The goal of this study was to evaluate the protective effects of Epigallocatechin gallate (EGCG) against UV irradiation in cultured human retinal pigment epithelial (RPE) cells. Five minutes and 1 hour after UV irradiation, we administered different concentration of EGCG (0, 5, 10, 15, 25, 50, 100 uM). Five minutes and 1 hour were chosen for the time of EGCG administration, after considering in vitro experiments of green tea absorption and retinal protective effects of EGCG. Ordinary persons take green tea inside of a building five minutes to 1 hour after UV exposure from the sun. After another 24-hour incubation period, the cell count was checked under microscope using a counting chamber and cell activity was evaluated by 3-(4,5-dimethylthiazol-2-yl)-2,5-diphenyl tetrazolium bromide (MTT) assay. So the aim of this study is to determine whether EGCG can protect human retinal pigment epithelial cells from UV-induced damage, and to develop a new in vitro model of retinal UV protection using Epigallocatechin gallate (EGCG).
The CRL-2302 (ARPE-19) (ATCC, USA) was used for this study. These human retinal pigment epithelial cells were cultured in Dulbecco's Modified Eagle's Medium (DMEM) (Sigma, St Louis, MO, USA), which is composed of 10% fetal bovine serum (FBS), penicillin (100 U/ml), streptomycin (100 u/ml), and nystatin (25 ug/ml). The cell line was maintained in a humidified incubator in an atmosphere of 95% air and 5% CO2 at 37℃ and the culture medium was changed every 48 hours. The cells were plated in T75 or T150 flasks (Falcon, NJ, USA) and allowed to grow until the cultures were confluent.

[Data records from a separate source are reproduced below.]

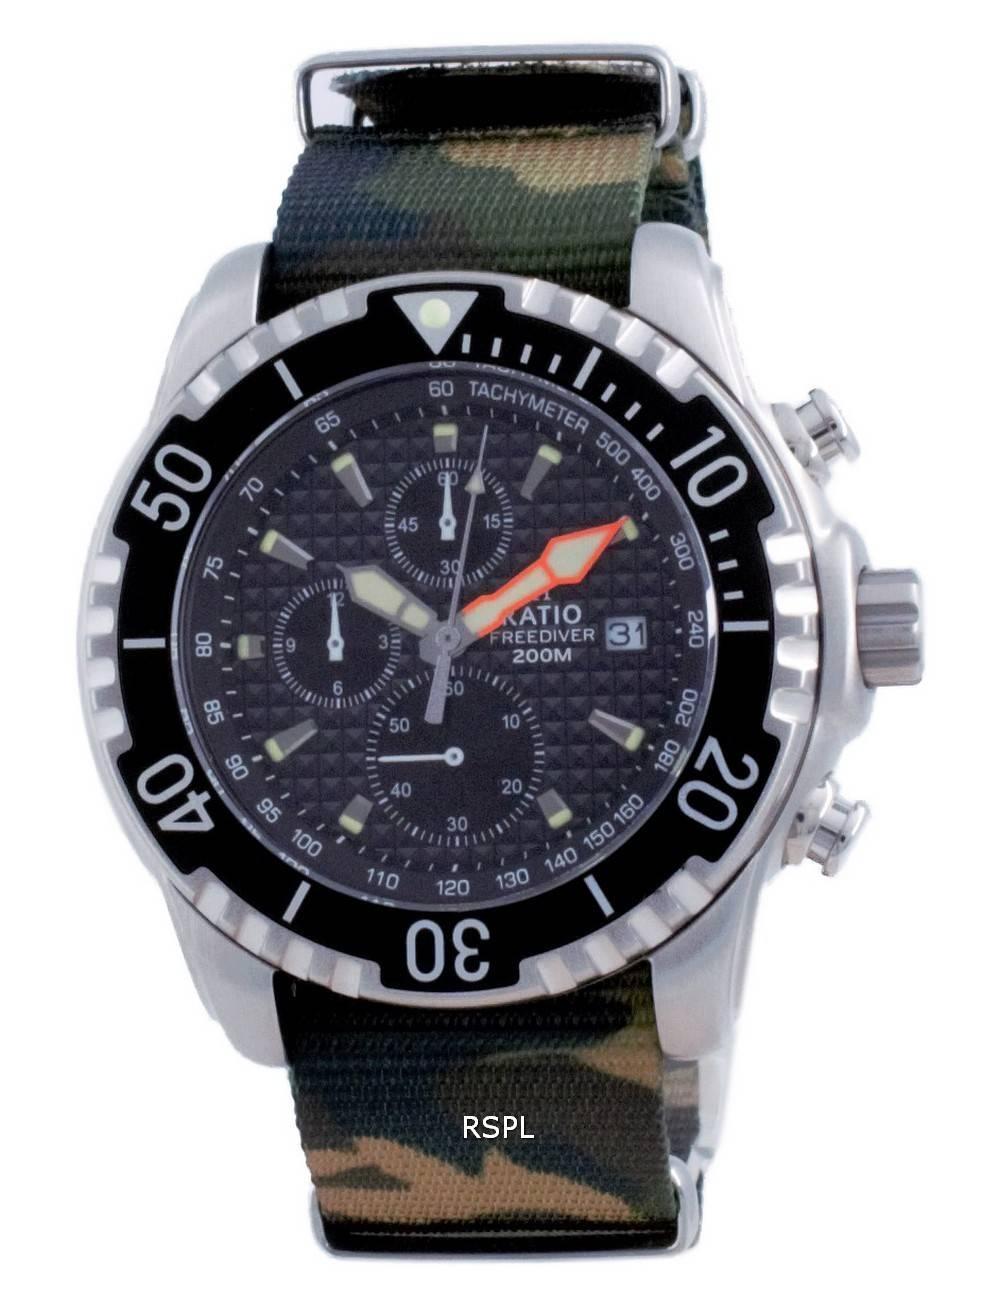 Suhde vapaa sukeltaja Chronograph Nylon Quartz Diver&#39,s 48HA90-17-CHR-BLK-var-NATO5 200M miesten kello
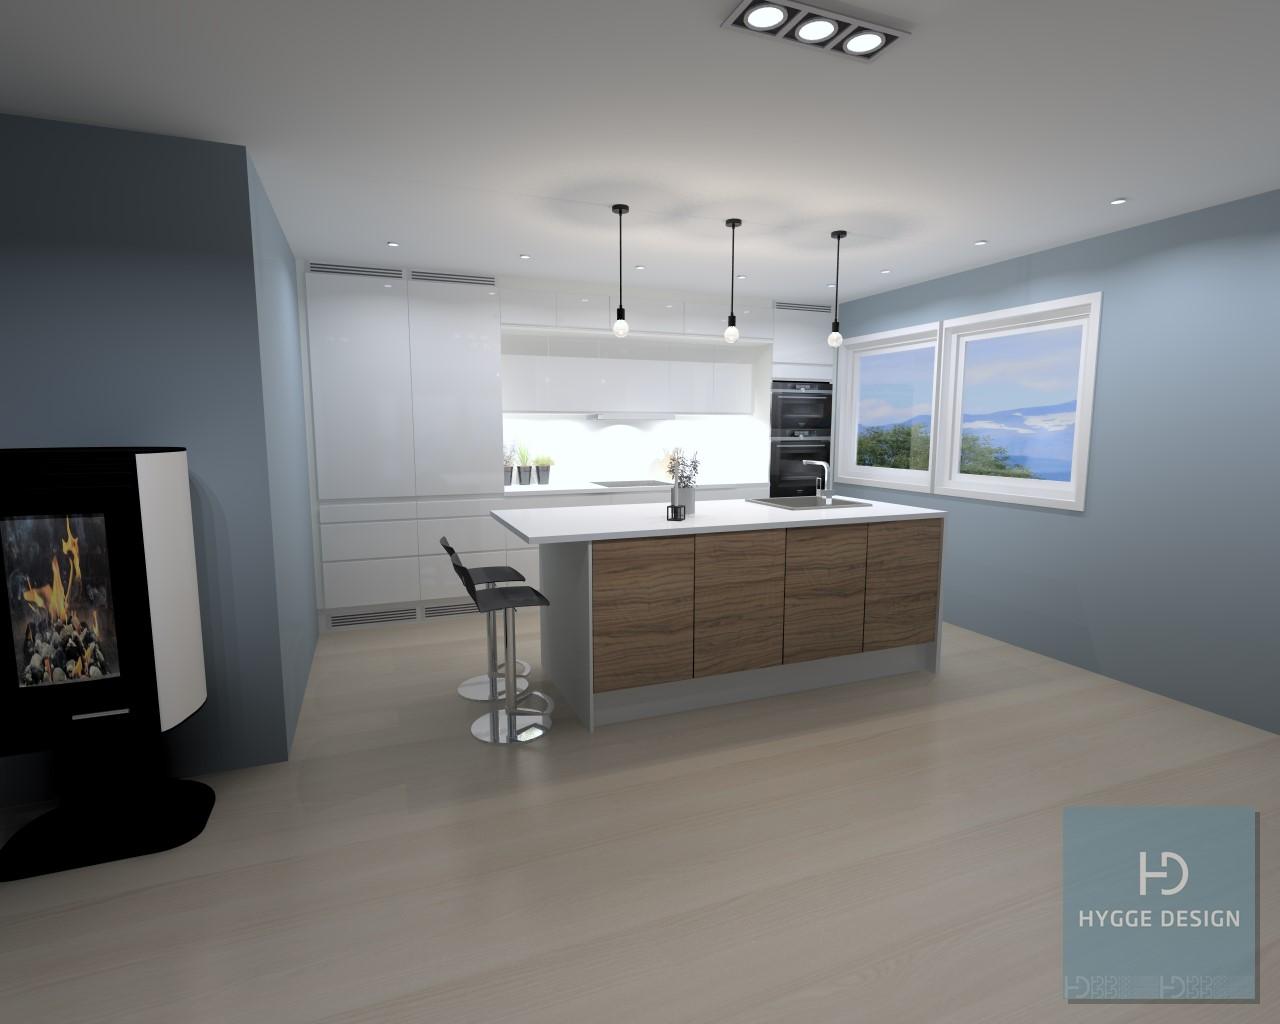 Fotorealistisk teikning av kjøkkenet.
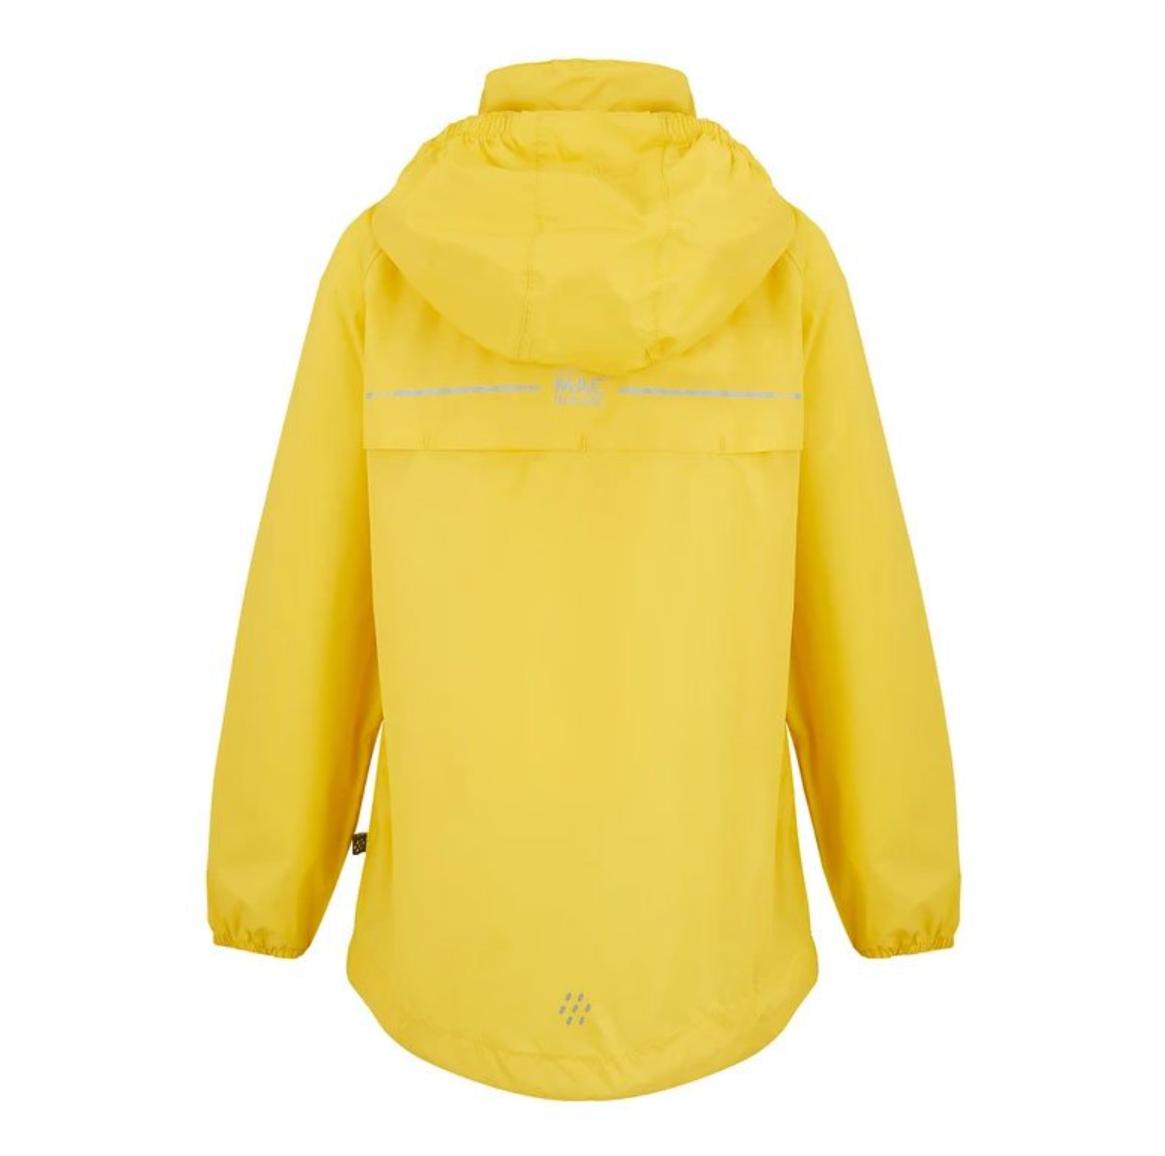 Mac in a Sac MINI Yellow

Human retinal pigment epithelial cells were irradiated for 30 seconds with an irradiance of 3.3 mW/cm2 after removal of serum-free growth medium. UV irradiance was modulated by adjusting lamp output and calibrated with a UV sensor on a UV lamp (FS-20 T12-UVB, National Biological Corp.). The UVB spectrum was between 280 nm and 320 nm with peak irradiance at 312 nm. The total exposure volume of UVB was 18 mJ/cm2.
Human retinal pigment epithelial cells were cultured for 1 day and the experiments were performed on 3 divided groups: the normal control group, which was not exposed to UV light (Group I); the second group, which was exposed to UV light without administration of EGCG (Sigma, St Louis, MO, USA) (Group II); and the third group, which was exposed to UV light with administration of EGCG (Group III). EGCG was dissolved in dimethyl sulfoxide (DMSO) (Sigma, St Louis, MO, USA) and added to the culture medium concomitantly with the TNF-a stimulus. Five minutes and 1 hour after UV irradiation, different concentration of EGCG (5, 10, 15, 25, 50, and 100 µM) were administered to Group III.
After 24 hours incubation, the cell count was determined under a microscope using a counting chamber, cell activity was evaluated by 3-(4,5-dimethylthiazol-2-yl)-2,5-diphenyl tetrazolium bromide (MTT) assay. Briefly, MTT is reduced to purple formazan in the mitochondria of living cells. A solubilizing liquid is added to dissolve the insoluble purple formazan product, forming a colored solution. MTT assay was carried out after using standard protocol. Optical density was measured at 570 nm using a spectrophotometer.
To increase the reliability of the data, all experiments were repeated 3 times and the average values were obtained. SPSS for Windows Ver. 10.1 was used to compute routine statistics. The data were analyzed for significance using repeated measures, followed by a Duncan's multiple range test of post hoc tests. The data were expressed as a mean percentage of the control value plus S.E.M. A p-value of <0.05 was considered significant.
Epigallocatechin gallate (EGCG) effectively protected cultured human retinal pigment epithelial (RPE) cells from oxidative-stress-induced cytotoxicity. Compared with the control group, which was not exposed to UV irradiation (Fig. 1A), exposure to UV irradiation without administration of EGCG showed significant cell loss (Fig. 1B). Another group to which 100 µM EGCG was administered 5 minutes (Fig. 1C) and 1 hour (Fig. 1D) after UV irradiation, experienced an increased cell count compared with that of the control group. The cell count of cultured human RPE cells after UV irradiation was markedly increased in the EGCG administration group, compared with the group that did not receive EGCG (Fig. 2). There was no significant relationship between the time to administration of EGCG and cell loss (P=0.279). Cell activity of the cultured human RPE cells after UV irradiation was markedly increased with EGCG administration, and it increased in a dose-dependent way, as determined by the MTT assay (Fig. 3). Within the group recieving EGCG, significant differences were shown between 5 µM (Mean=8.00±3.630) and 10 µM (M=25.83±5.399) and between 10 µM (M=25.83±5.399) and 15 µM (M=58.90±4.623) (P<0.001). There were no significant differences between 0 µM (M=0.00±0.000) and 5 µM (M=8.00±3.630) (P=0.260) among 15 µM (M=58.90±4.623), 25 µM (M=61.27±5.206), 50 µM (M=63.30±1.871), and 100 µM (M=68.10±5.229) (P=0.072). In comparison with the group that did not receive EGCG, cell activity was increased by approximately 43.9%, 68.1% respectively in 100 µM of the EGCG administration group. Moreover, post-treatment of RPE cells with EGCG (100 µM) after 1 hour showed significantly reduced cell deaths as a result of UV irradiation. There was a significant relationship between the time to administration of EGCG and cell activity (P=0.001).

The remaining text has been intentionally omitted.